The decision to cancel the aid delivery followed a day of intermittent sniper fire on the Homs city district Monday that injured at least two civilians.

On Sunday, at least two snipers reportedly stationed at the Gardenia Tower, located in regime-controlled territory, fired on humanitarian workers after they entered the rebel-held district of Waer, a local correspondent told Syria Direct. The attack injured one civilian as the handful of vehicles from the United Nations, the Syrian Arab Red Crescent (SARC) and the International Committee of the Red Cross (ICRC) withdrew, without completing their delivery.

“The delegation stayed in Waer for 10 minutes, and then they turned around,” Jalal Talawi, the correspondent with SMART News who spoke with aid workers at the scene, told Syria Direct on Monday.

  A road block on the outskirts of rebel-held Waer. LOUAI BESHARA/AFP/Getty Images.

It was not immediately clear who opened fire on the humanitarian convoy. Pro-opposition media claimed “the regime and its supporting militias targeted the UN delegation,” adding that the attacks originated from a tower in the government-held section of the city.

Syrian state media did not officially comment on accusations of foul play in the aid delivery.

The aid convoy did come under fire on Sunday, a SARC spokeswoman confirmed to Syria Direct by phone from Damascus on Monday, but declined to give further information on the ongoing attempts to deliver aid “in order to ensure the safety of the convoy and all those who are present with it.”

The last time an aid convoy reached Waer was October 26, 2016.*

Speaking to journalists in Geneva last Thursday, the United Nations humanitarian coordinator, Jan Egeland, blasted the obstruction of aid delivery to blockaded areas across Syria, calling the matter “a question of life and death.”
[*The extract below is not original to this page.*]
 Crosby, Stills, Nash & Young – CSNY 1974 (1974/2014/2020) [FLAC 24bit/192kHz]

Egeland called for a way around the “administrative quagmire where we have to have green lights [in] so many instances that in the end no convoy moves to any besieged area.”
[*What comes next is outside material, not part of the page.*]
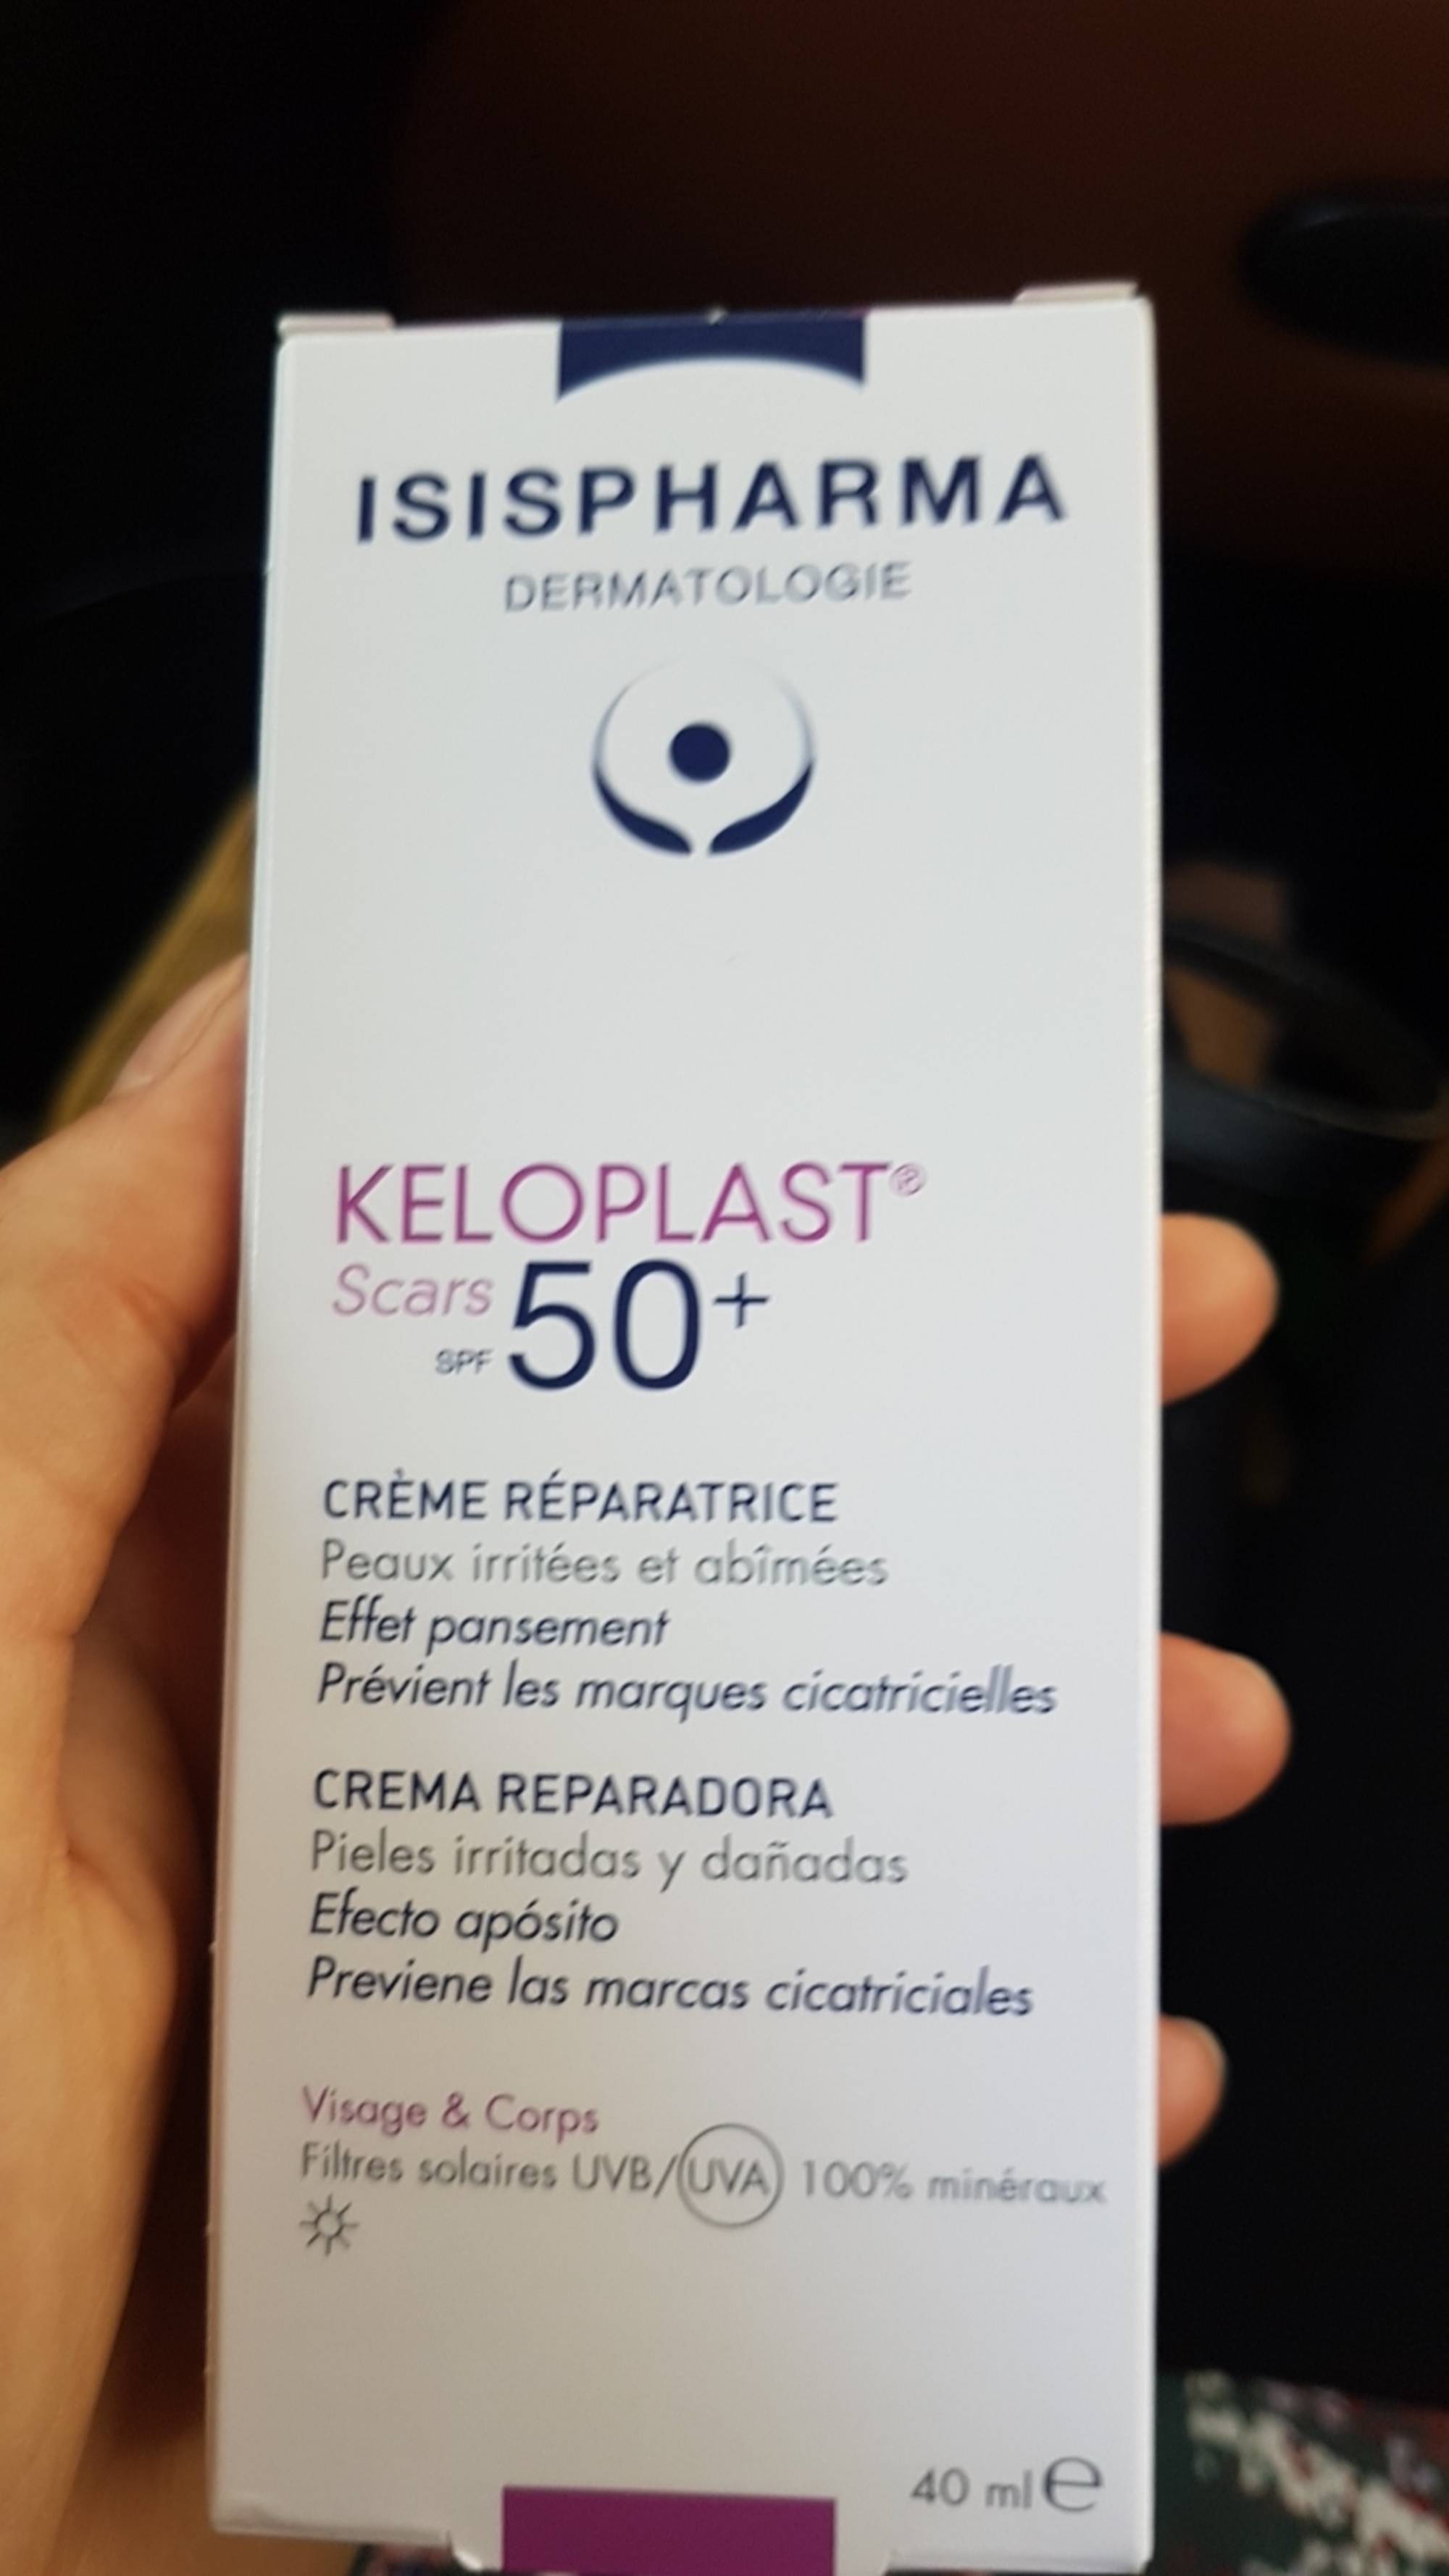 ISIS PHARMA - Keloplast scars SPF 50+ - Crème réparatrice

 Regime shelling rocks Waer on Friday. Photo courtesy of the Waer News Network.

Sunday’s attack on the international humanitarian convoy comes amidst two weeks of regime bombardment of Waer. Regime forces are hammering the district with airstrikes, mortars, surface-to-surface rockets and heavy gunfire.
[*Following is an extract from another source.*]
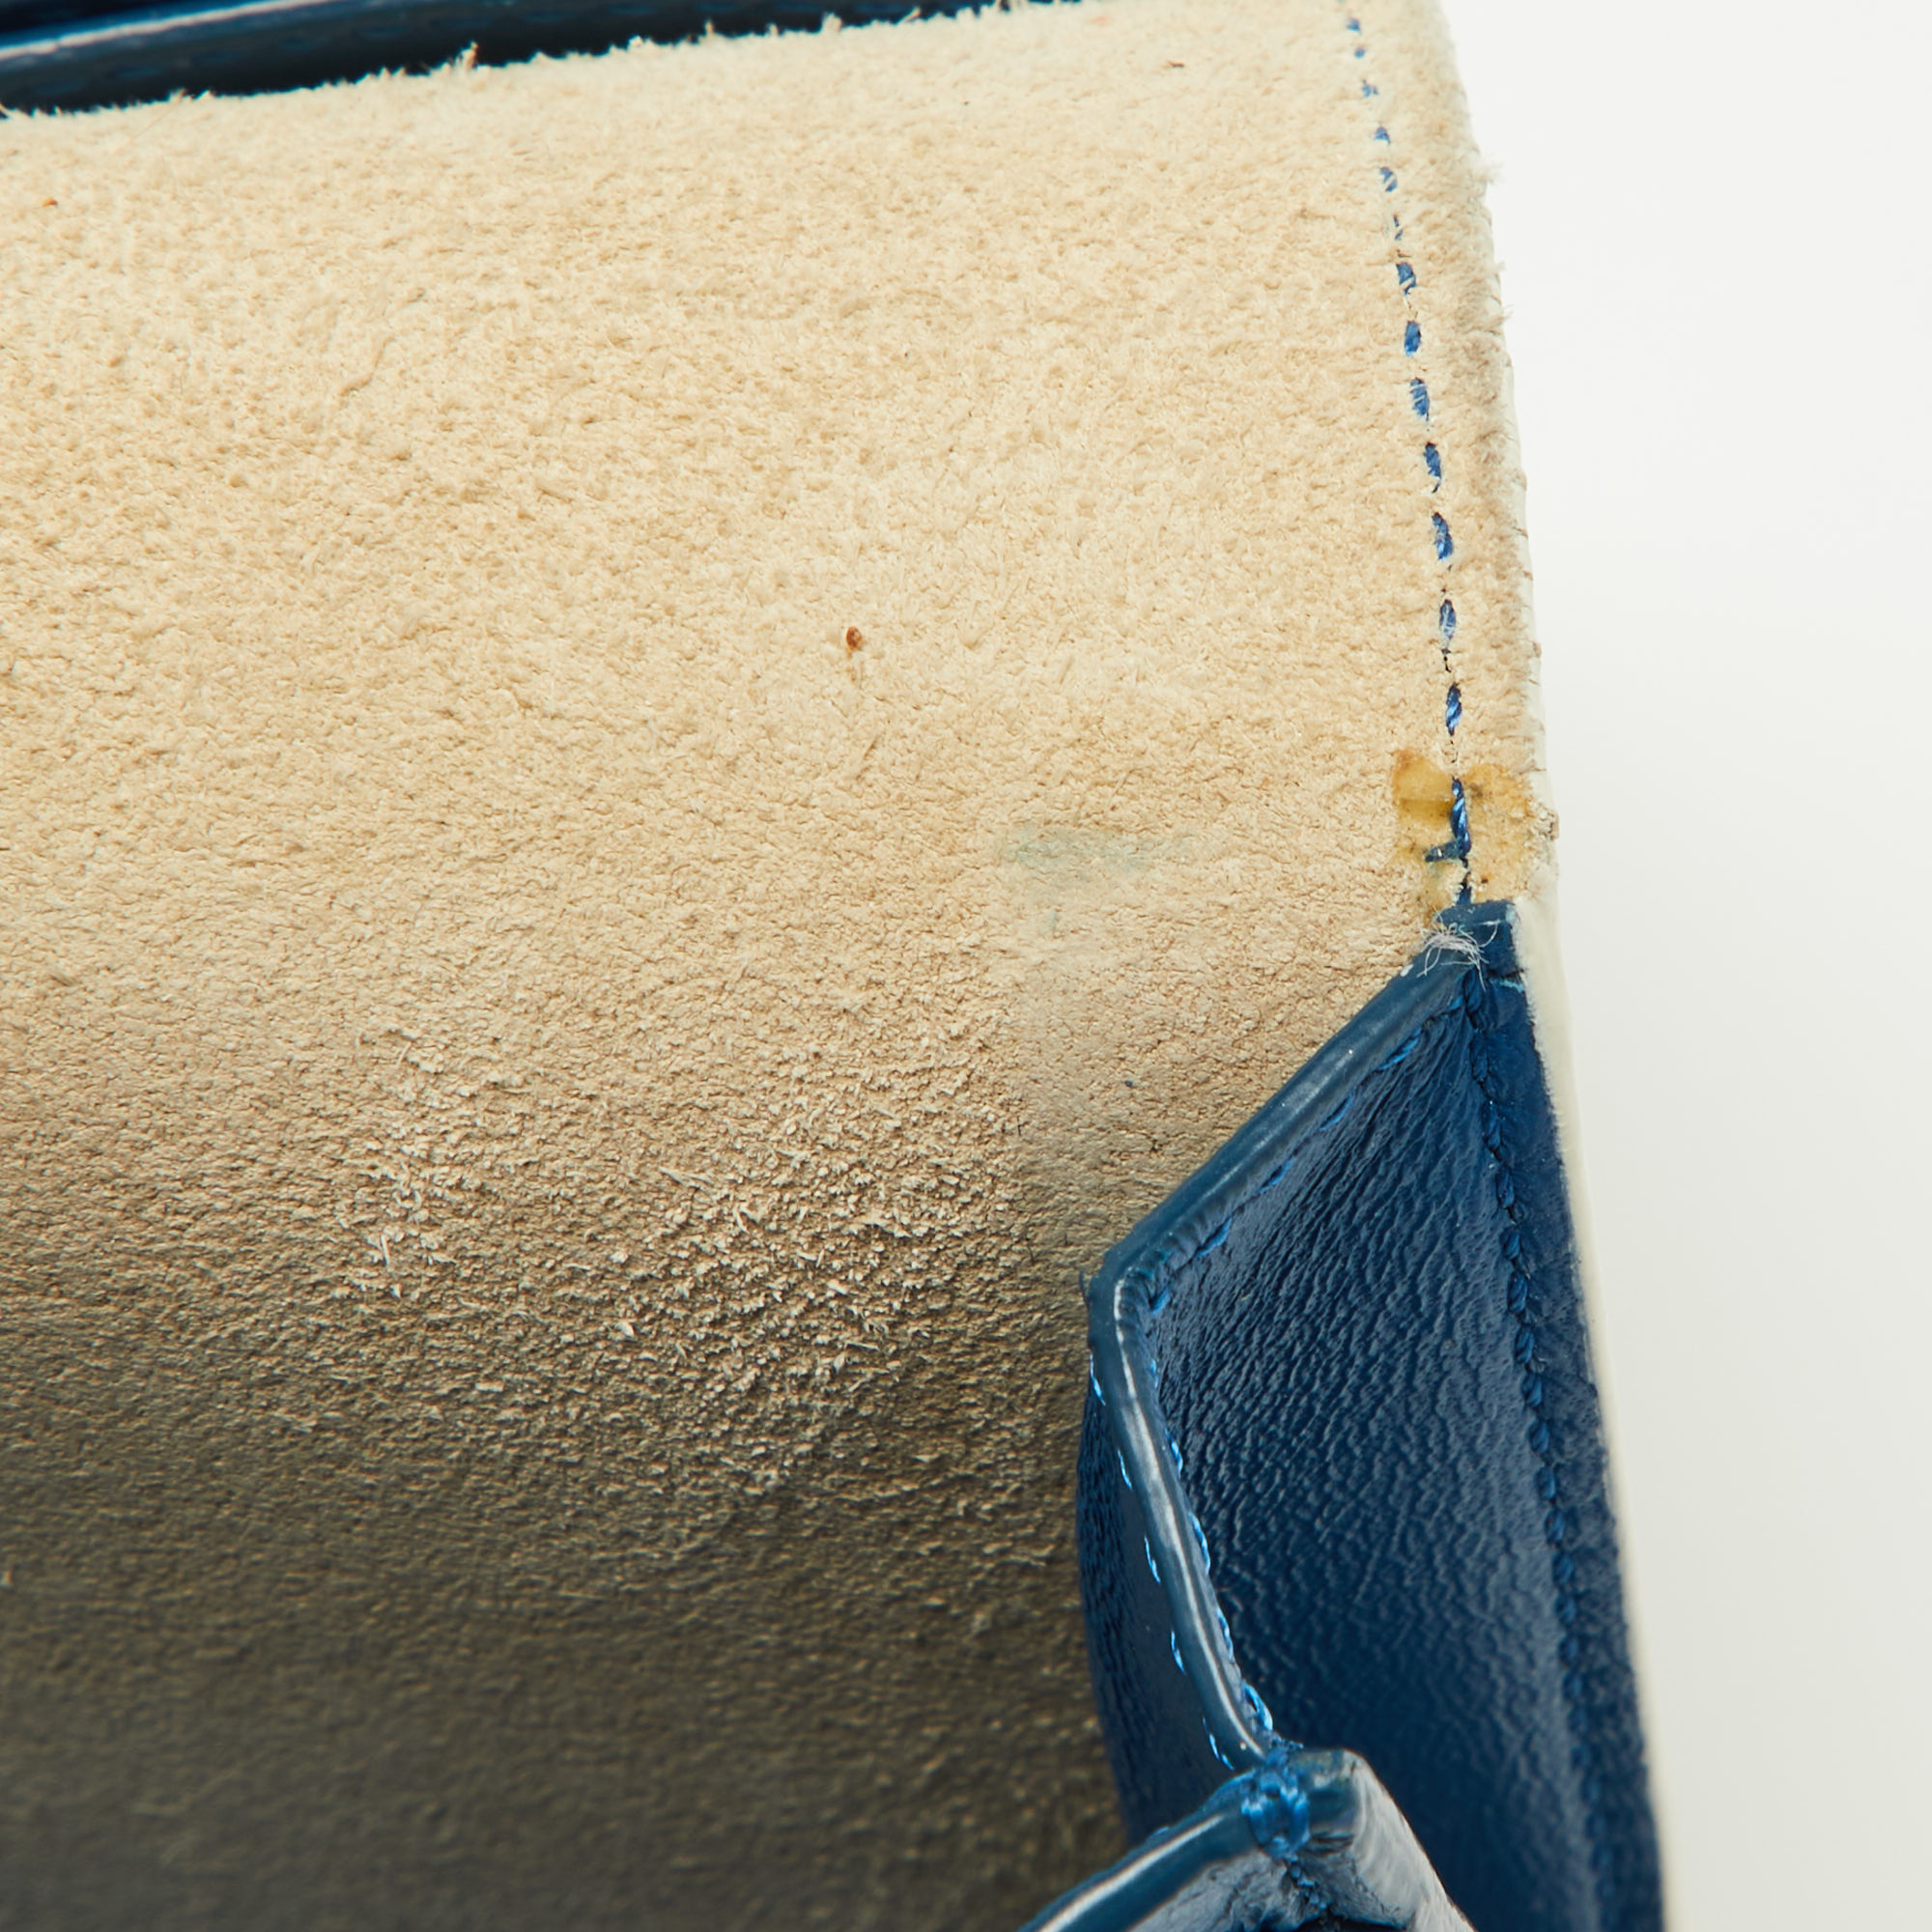 Celine Blue/Cream Leather Large Multifunction Strap Wallet

In the past two weeks, there have been “23 deaths and more than 150 injuries among civilians” SMART News’s Talawi told Syria Direct.

The wave of attacks undermines an existing ceasefire and shatters more than two months of calm in Waer, Syria Direct reported earlier this month.

Pro-regime forces and allied militias have not attempted to storm the district since bombing started nearly two weeks ago. Residents inside Waer, however, describe “hunger” and “dire shortages” within the neighborhood.

“The regime doesn’t want rebels or civilians to be able to eat,” Hassan al-Asmar, a resident of Waer, told Syria Direct on Monday. “They want us to die of hunger.”

Waer is the only remaining rebel holdout district in Homs city since opposition fighters left Old Homs as part of a wide-ranging truce across the provincial capital in May 2014. Since late 2015, rebel and regime negotiators have met to discuss surrender, but the talks remain unproductive.

*Correction: A previous version of this article reported that the last aid delivery was on September 16, but on October 26 an aid convoy for 70,000 people with SARC reached al-Waer.